Mmm, pesto. This makes me so happy.

Chicken Breast over Pesto Cream Pasta

2 chicken breasts
1 teaspoon extra virgin olive oil
2 teaspoons crushed rosemary
1 teaspoon garlic powder
1 teaspoon poultry seasoning
1/8 tsp cayenne pepper
salt and pepper to taste

1 cup basil
1/4 cup olive oil
1/4-1/2 cup parmesan cheese
1/8 cup pine nuts
1 clove garlic
1/8 cup cream
salt and pepper to taste

1/2 box of pasta, boiled el dente (I use fancy multigrain protein plus style pasta, personally)

Boil Pasta in salted water as per directions~

Rub each side of each chicken breast with 1/2 to 1 teaspoon olive oil. Follow with evenly divided portions of seasonings for each chicken breast. Rub it in.
Grill over medium-high heat until cooked throughout.

Meanwhile, blend together the garlic, pine nuts, and basil. Once thoroughly blended, slowly pour in extra virgin olive oil. Take pesto and transfer to a saucepan, add in parmesan cheese and cream and heat over low to medium-low heat. Continuously stir until well mixed and thick. Add salt and pepper to taste.

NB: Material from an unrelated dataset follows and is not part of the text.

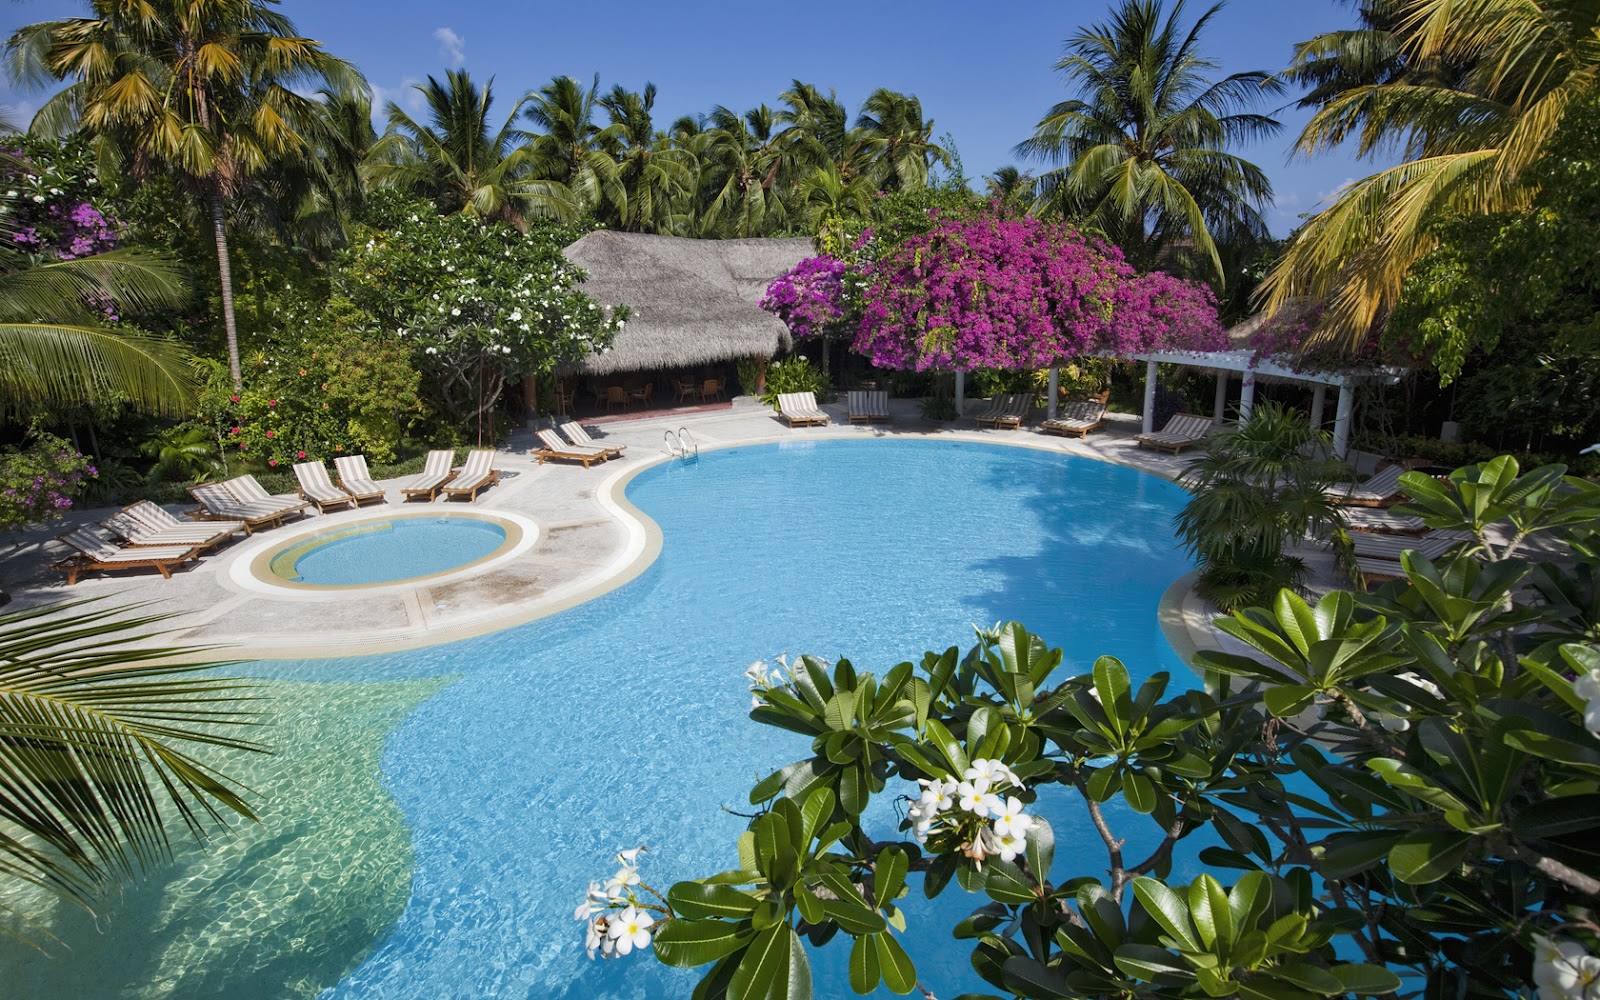 http://2.bp.blogspot.com/-7cv1MUDUP44/UFnJb9zUwWI/AAAAAAAAEmg/C0S1dxNoE2Q/s1600/Maldives-Beautiful-Hotel-Pool-Palms-and-Bungalows-HD-Landscape-Wallpaper--NatureWallBase.Blogspot.Com-.jpg

Drain pasta and stir in a little olive oil so it doesn't stick. Serve topped with chicken breast and pesto cream sauce, garnish with basil, some pine nuts, and maybe even a little extra parmesan cheese.

So good~!

Monday, February 7, 2011

Mary's Pasta Salad

Oh boy, is this an old post!! This was a pasta salad that Brian had made, about a year ago-- it took me that long to get the recipe from him! I'm glad I did, because now I can carry on the recipe myself. It was sent to him by his mom, Mary, whom I adore-- I am so glad that she was willing to pass on some of her recipes so I can share them with everyone!

The trick with this pasta salad is that the dressing is a little vinegary-- which I thought would be weird at first, but honestly turned out to be quite delicious (I'm so lucky to have been able to try it!!). It melds really well with the broccoli, carrots, olives.... I especially loved the olives, tomatoes, and cubes of cheese. The chicken that Brian had used was a precooked lemon chicken breast, I believe, and the lemon to the chicken provided a really nice combination of flavours.

This recipe makes a huuuge portion, we ate it for like a week! So next time I make it I know that I'll be able to eat it for basically forever. It seems like such a great dish to take to a family potluck or picnic or something-- and I can't wait to make it again. Now all I need is to get their grasshopper pie recipe. :)
Mary's Pasta Salad
Recipe by Mary Retchless


1/3 Cup Olive Oil
½ Cup White Wine Vinegar (or up to 2/3 Cup if you like a stronger vinegar taste)
1 Tbs. Dijon Mustard
1 tsp. Sea Salt
1 tsp. Fresh Ground Black Pepper
1 Cloves Garlic minced or crushed
2 tsp. Basil Leaves

Combine all and whisk together


2 Cups Broccoli Flowerets (boil in water 2 minutes, remove and rinse under cold water)
1 Cup Chopped Carrots (boil in water 2 minutes, remove and rinse under cold water)
½ Red Bell Pepper, sliced thin into 1” long strips
4 Scallions chopped with green ends included
2 Cups Cherry Tomatoes
¼ Cup Cilantro chopped
1 Cup sliced black olives
1 Cup Monterey Jack Cheese, cubed
Grilled Chicken Breast, cut into small bite-sized pieces
1 16oz pkg. of Tri-Color or Whole Wheat Rotini Pasta, cooked el dente and rinsed with cold water.

Combine all the above ingredients. Pour in dressing. Toss thoroughly. Add salt and pepper to taste.